For me, I wondered about the treatment of Freddy’s personal life, and how he chose to be.  He was married early on and then later lived as a gay man.   I didn’t expect, and don’t believe the Freddy Mercury would live the life shown in the film with the lights from separate rooms with his wife, with him by himself.   Maybe I am jaded and conditioned to think that all rock stars are constantly in a party state with an entourage and party goers.   Maybe he lived more solitary life.  Maybe it wasn’t all it was cracked up to be.   I don’t believe it.   I think Mercury was a larger than life personality who did everything to extreme and excess!!   He would be the centre of attention and have and take all that he wanted.   This is briefly depicted but not convincingly nor enough.

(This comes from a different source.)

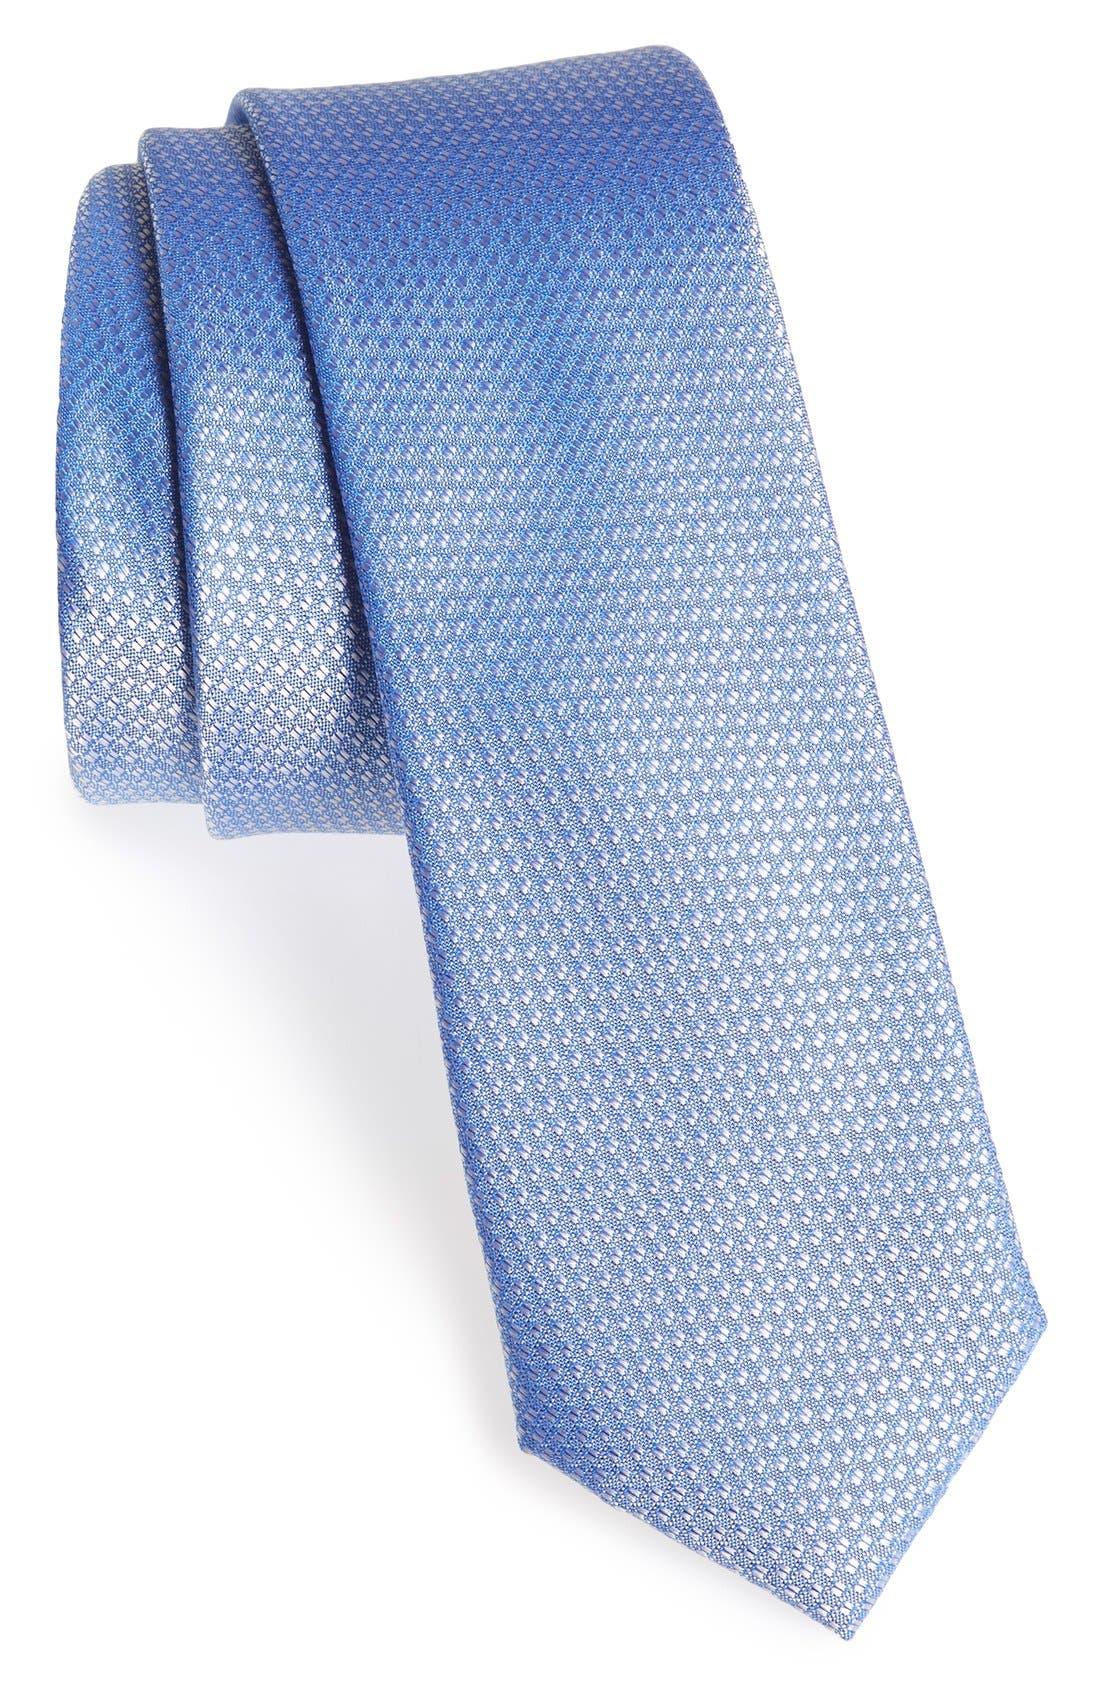 Seattle Textured Silk Tie,                             Main thumbnail 12, color,

I wish we had seen more creativity and the inspiration for these songs.   It’s the real genius at work, with songs that will last forever.   The creative process is fascinating, and understanding the influences and how they chose to make their sounds and put them together would be an amazing story unto itself.  It isn’t there much.   There is a silly Mike Myers cameo that added nothing for me.    In the end, I felt that this was not a story or the true Freddy but a story that others wanted to tell on his behalf; a toned down PG rated version.   Who gains from this?  Perhaps the surviving members of the band.  His Wife.   Not sure.   If there was ever a rock star life that deserved an R rating, it was Freddy Mercury.    David Bowie too!   Let’s hope that any David Bowie project looks better, and respects the artist fully – unlike what I anticipate that Rocketman (preview at this film) will be for Elton John which comes out next year.  No thanks.

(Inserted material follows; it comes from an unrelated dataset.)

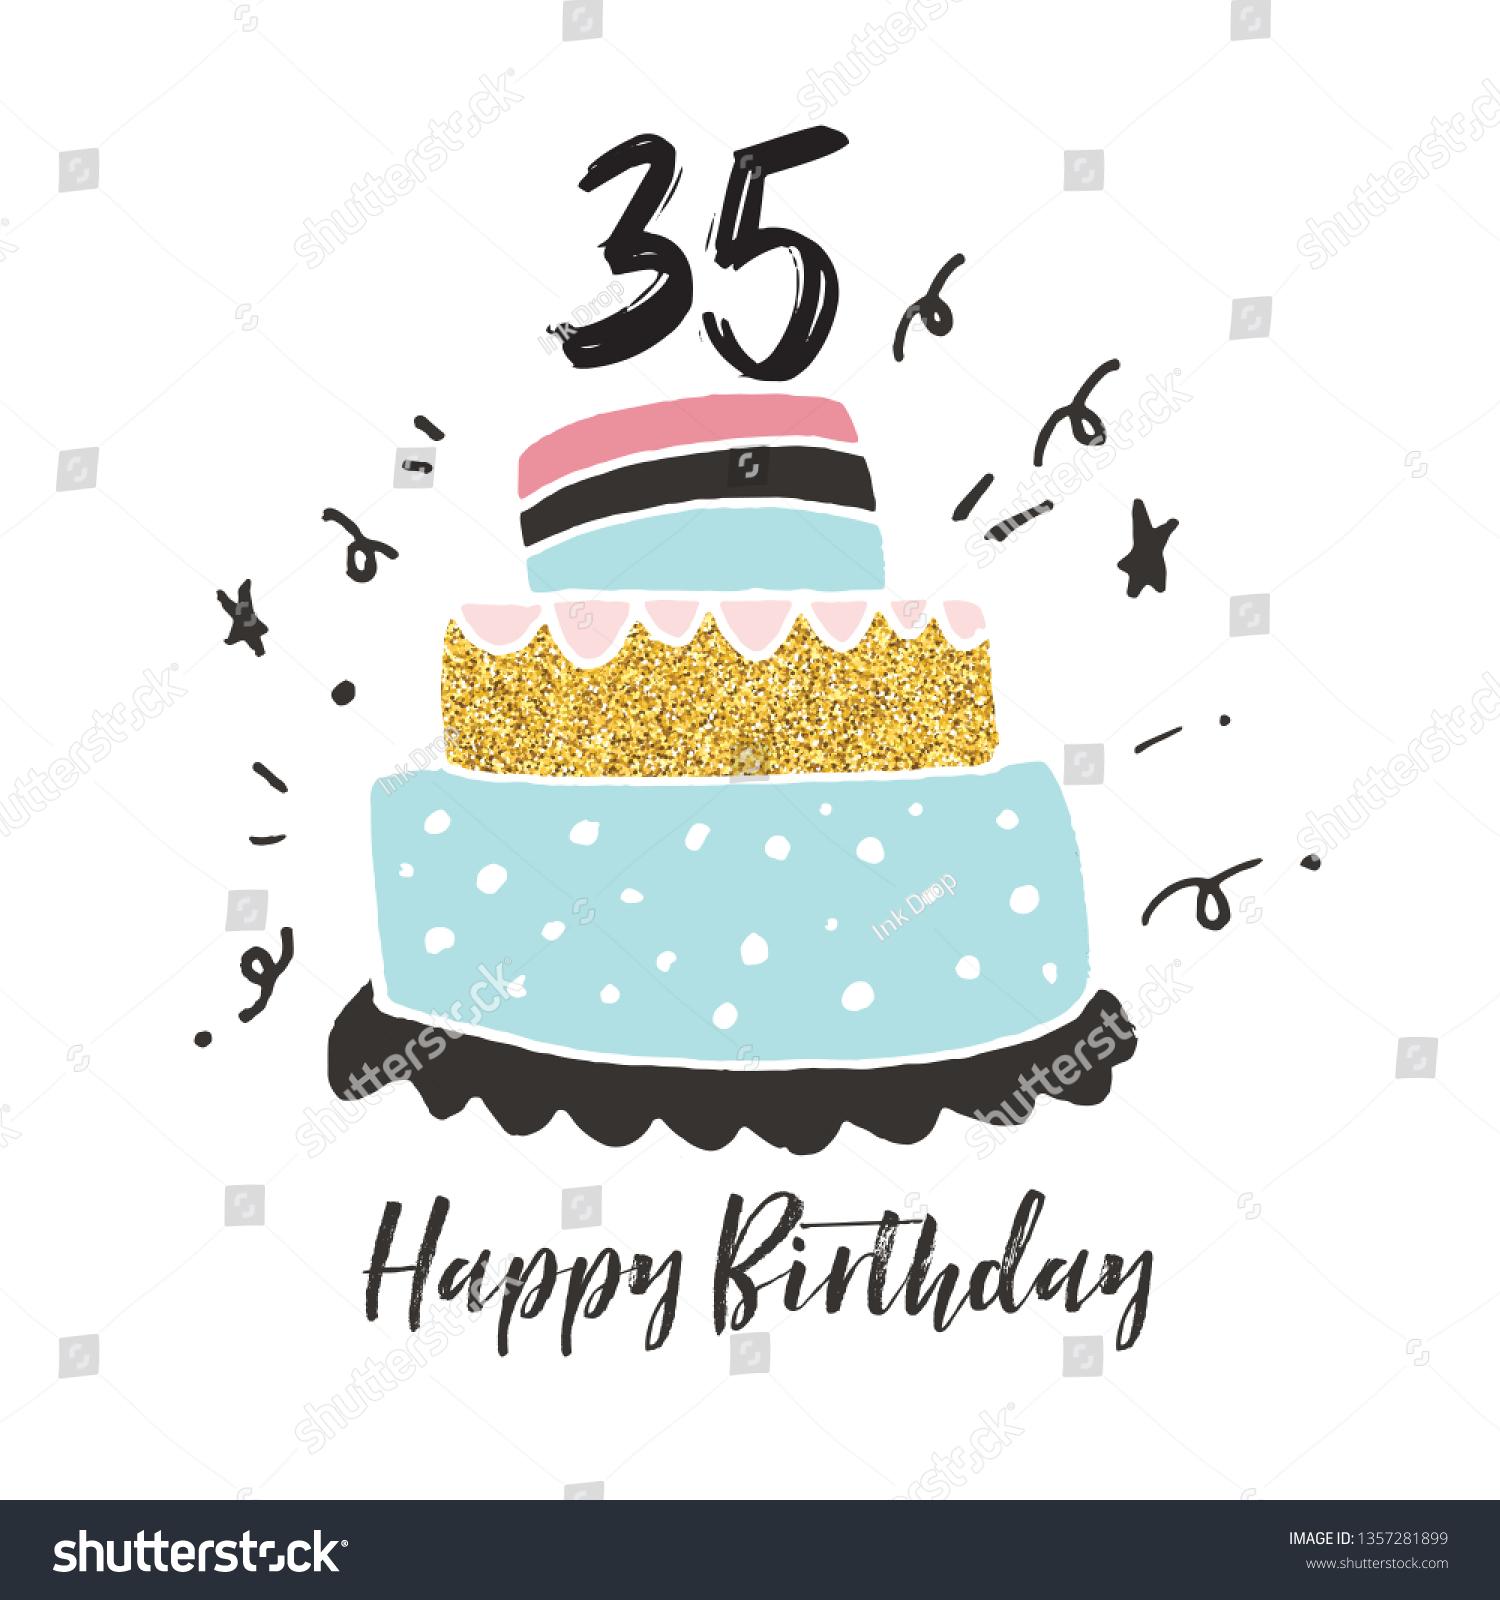 Incredible 35Th Birthday Hand Drawn Cake Birthday Stock Vector Royalty Free Personalised Birthday Cards Sponlily Jamesorg

I also watched last week, Red Sparrow.   Oh Jennifer Lawrence what is it about these projects that you are selection for yourself?    Another turkey with this one.   A young Russian ballerina cut down by an injury and sold out by her Uncle to this ultra-nasty group of spies/chaos inducers/special forces, who use their bodies to get what they need.   The story is messy and convoluted.  The agent/double agent mystery doesn’t unfold well, and the ending is contrived.   I cannot recommend, and wish that JLaw, would find something more substantial and better for her talents (Passenger, Mother! and others are beneath her).